● PROBLEM DETAILS:
Write the data out in full and word for word. Do not include images.

● INFORMATION PROVIDED:
....................

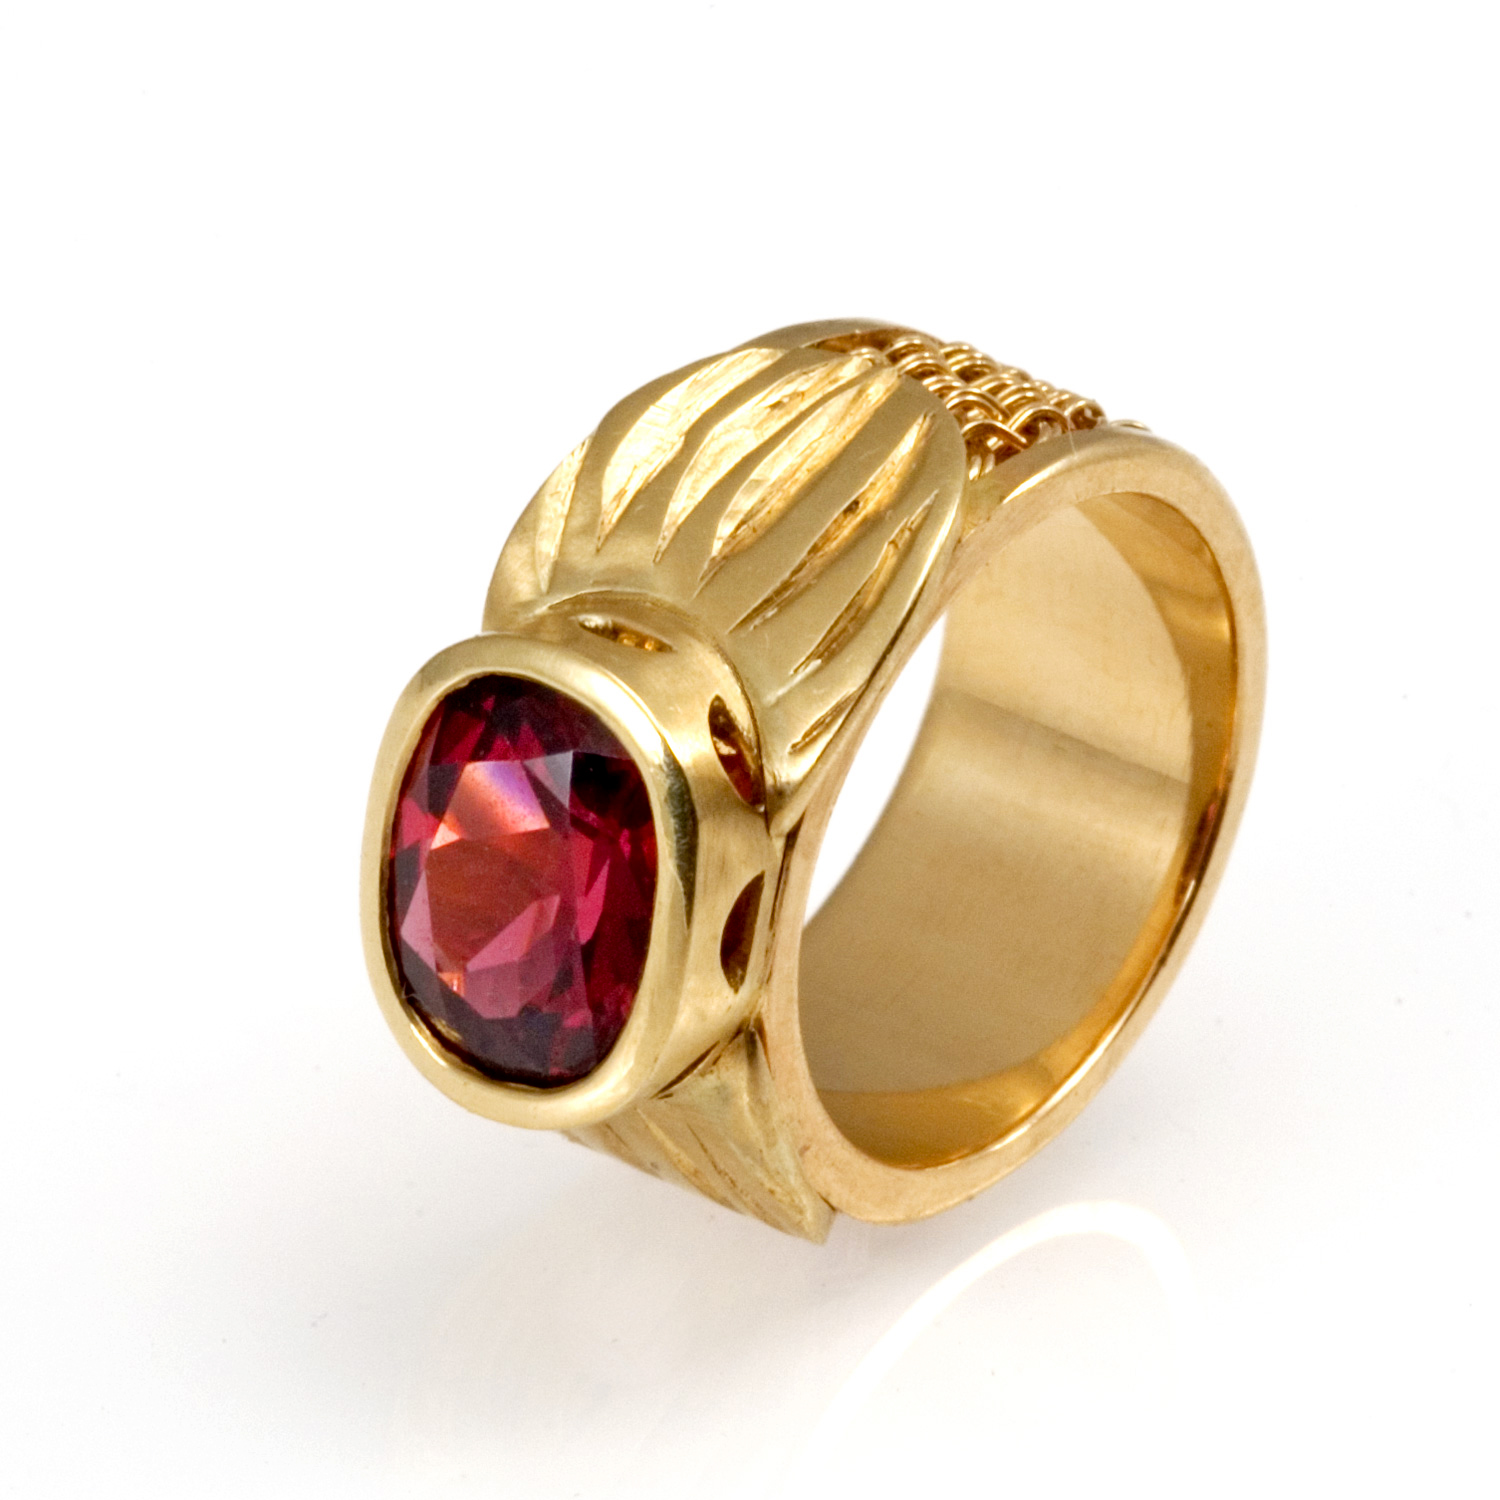 Carved Rhodolite Ring 18k gold, rhodolite garnet
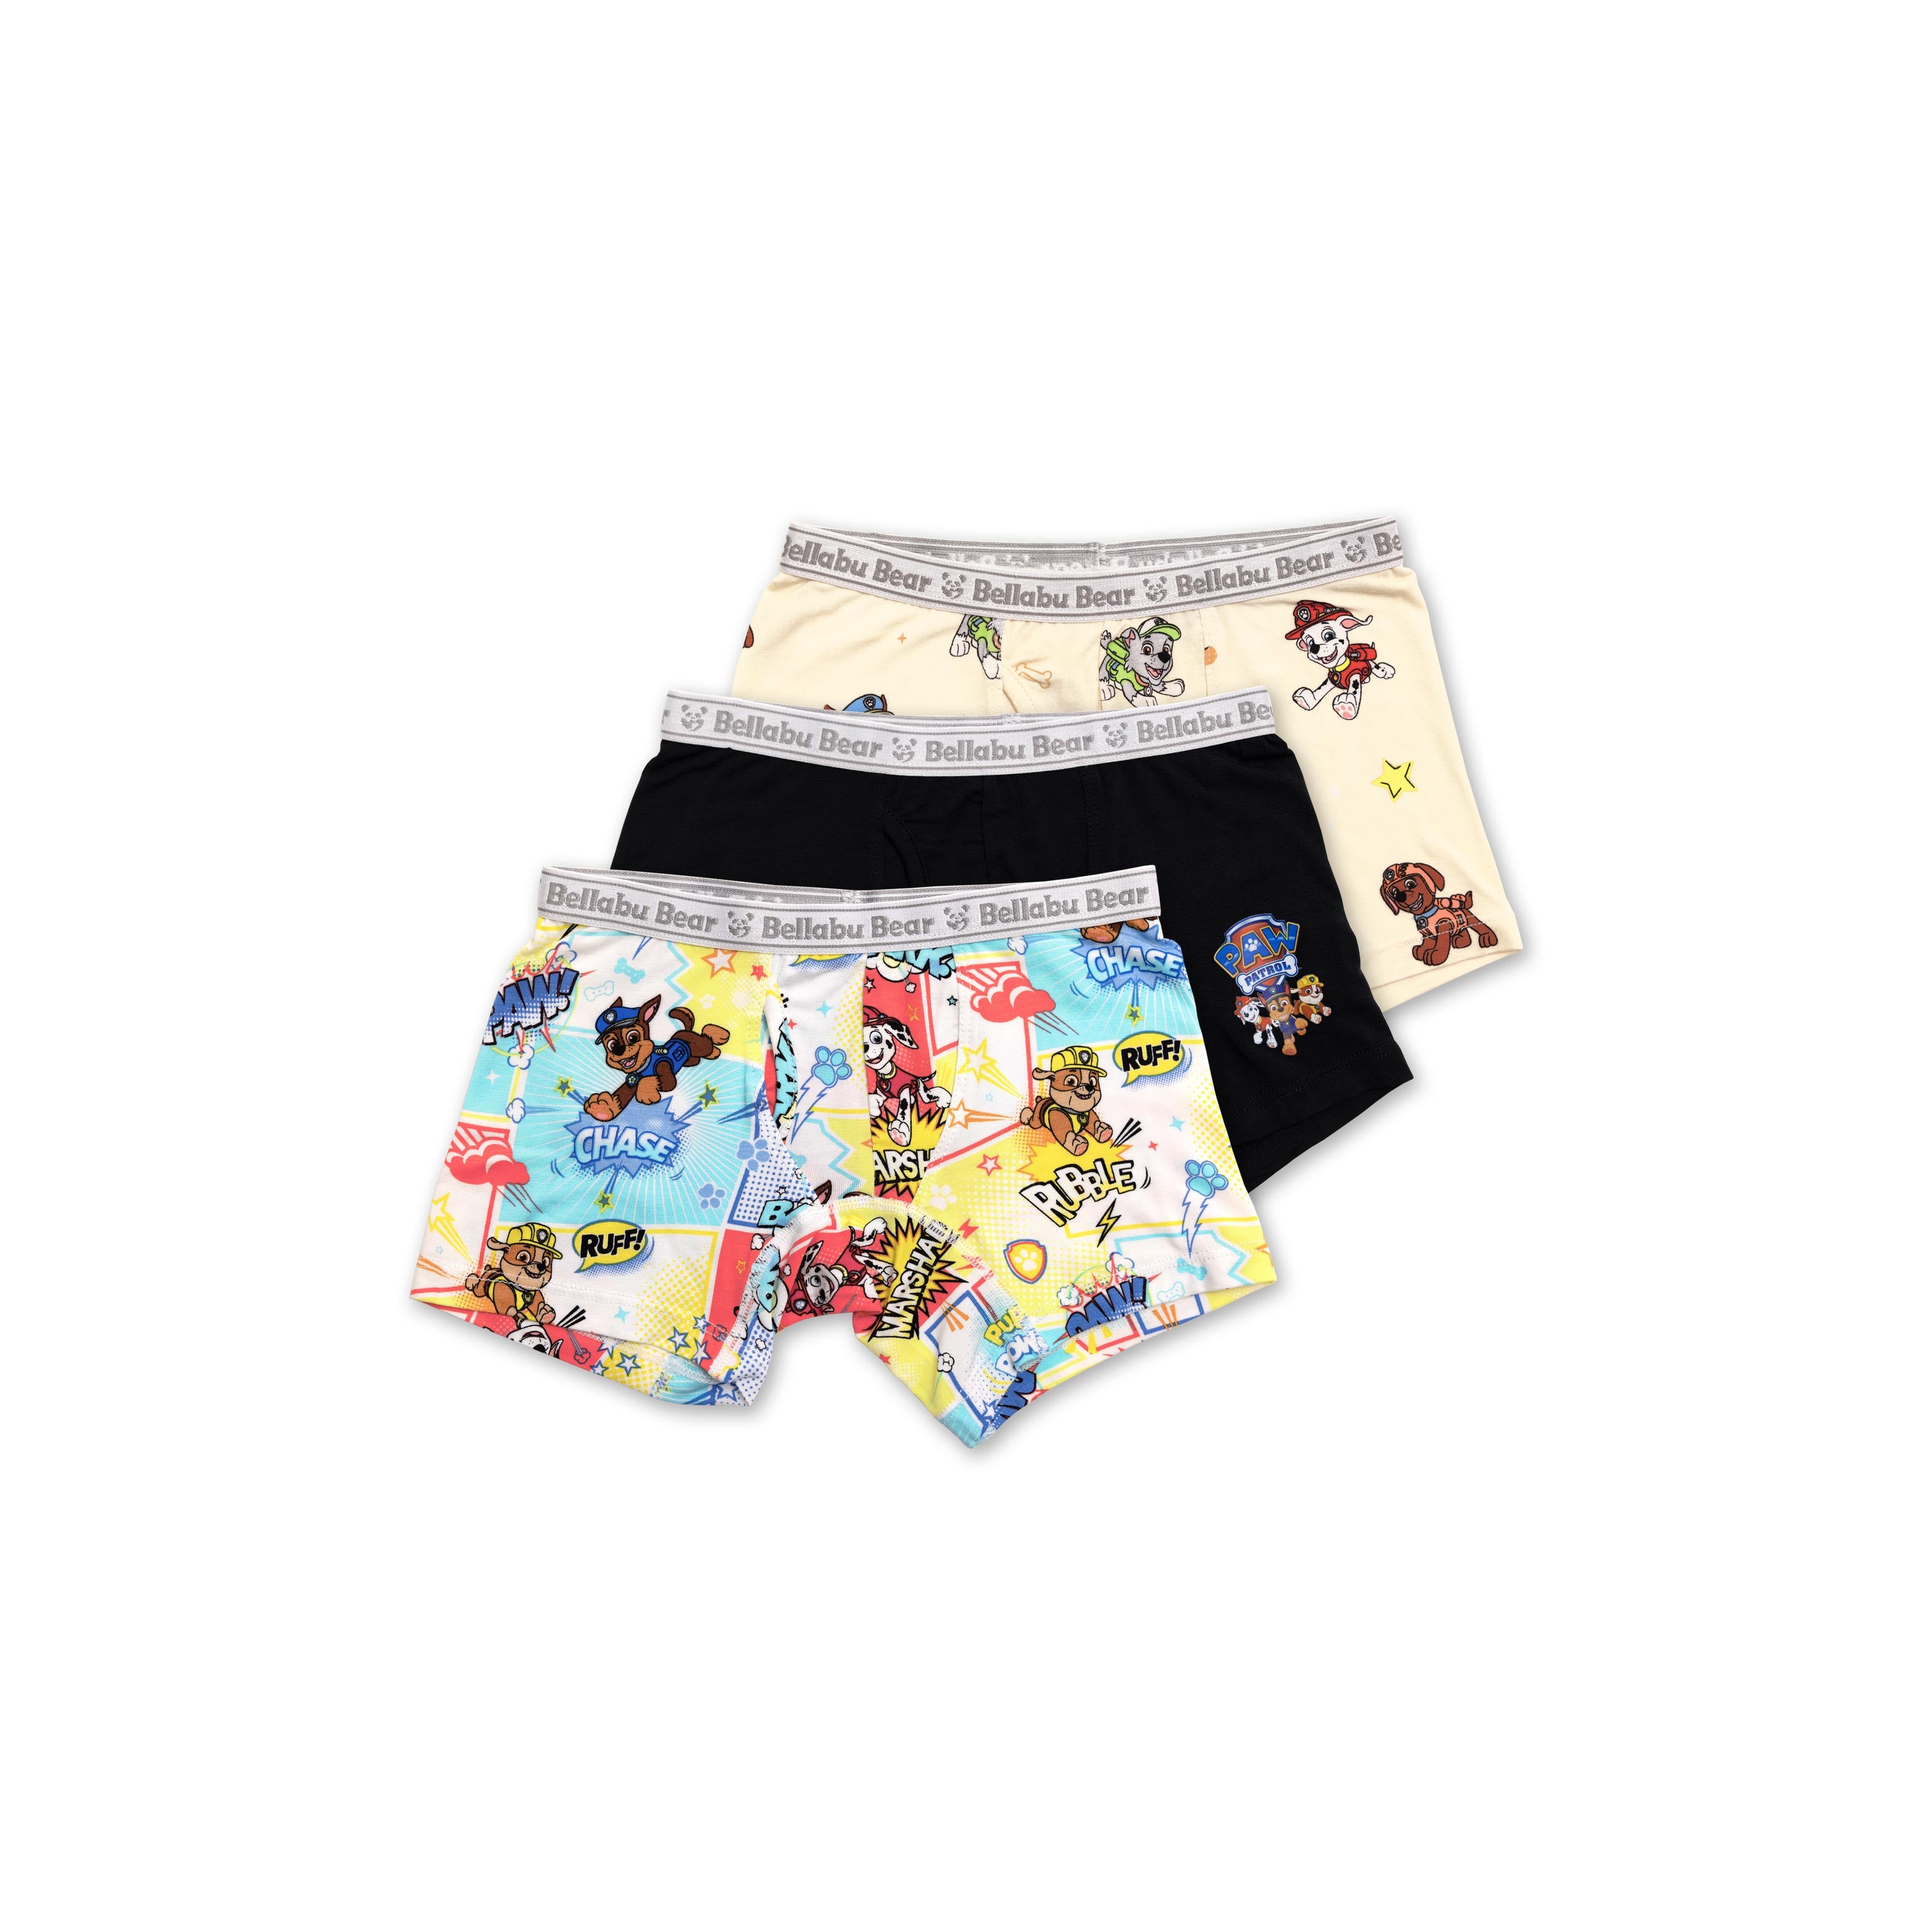 nickelodeon Paw Patrol Boys 5 Pack Underwear Briefs Size 6
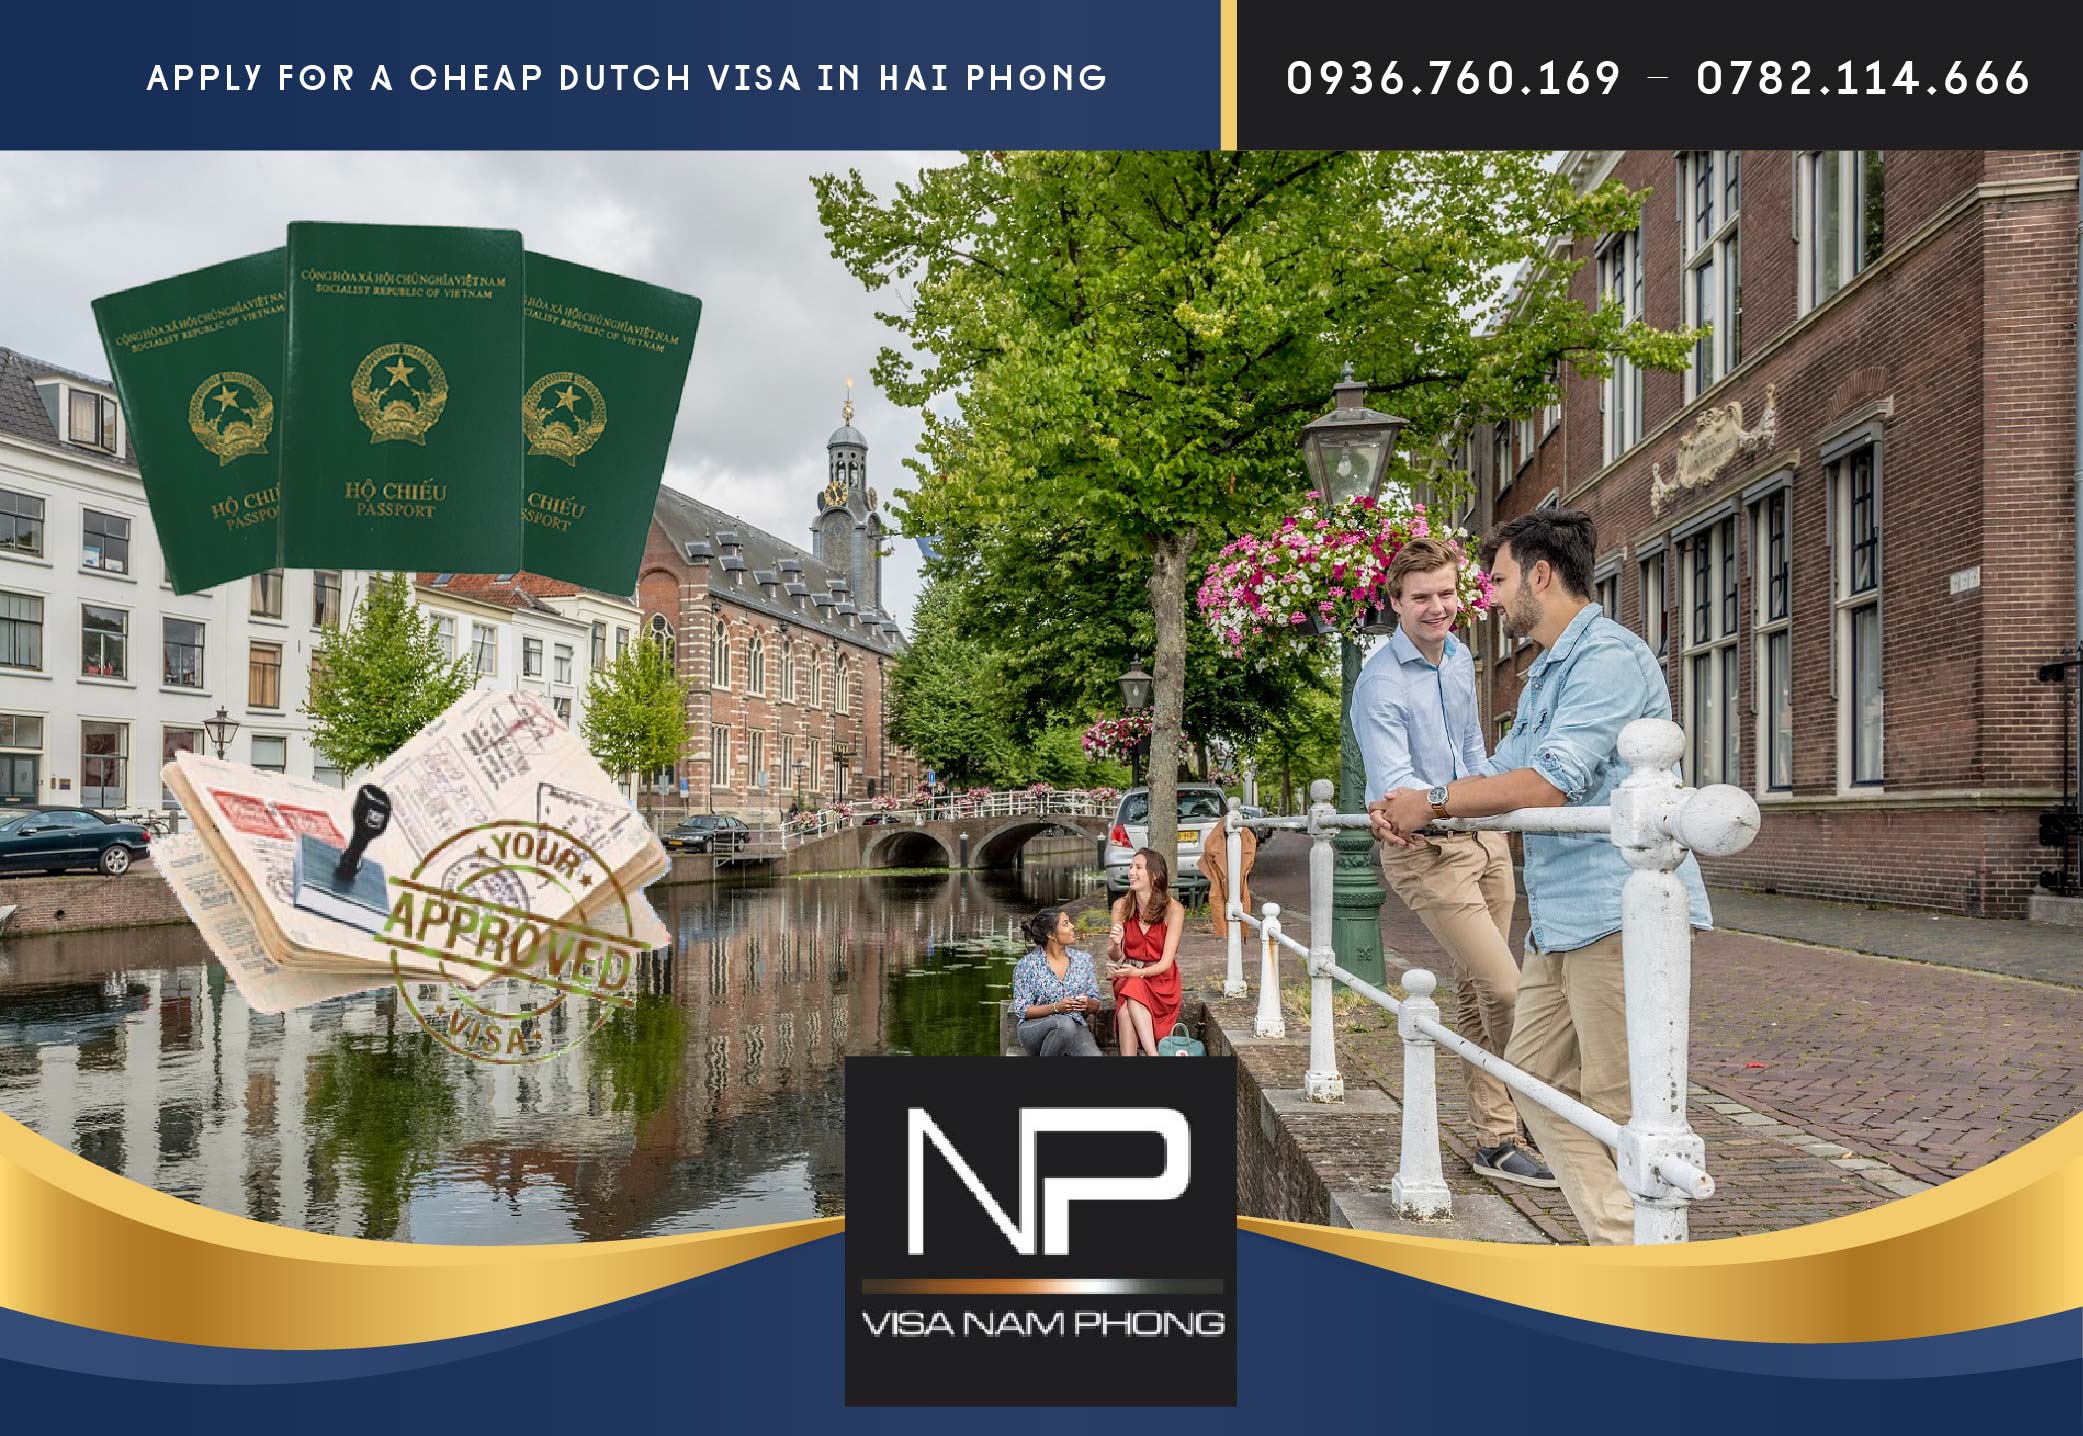 Apply for a cheap Dutch visa in Hai Phong

....................

● RESPONSE TO THE EXERCISE:
 Carved Rhodolite Ring 18k gold, rhodolite garnet
 nickelodeon Paw Patrol Boys 5 Pack Underwear Briefs Size 6
 Apply for a cheap Dutch visa in Hai Phong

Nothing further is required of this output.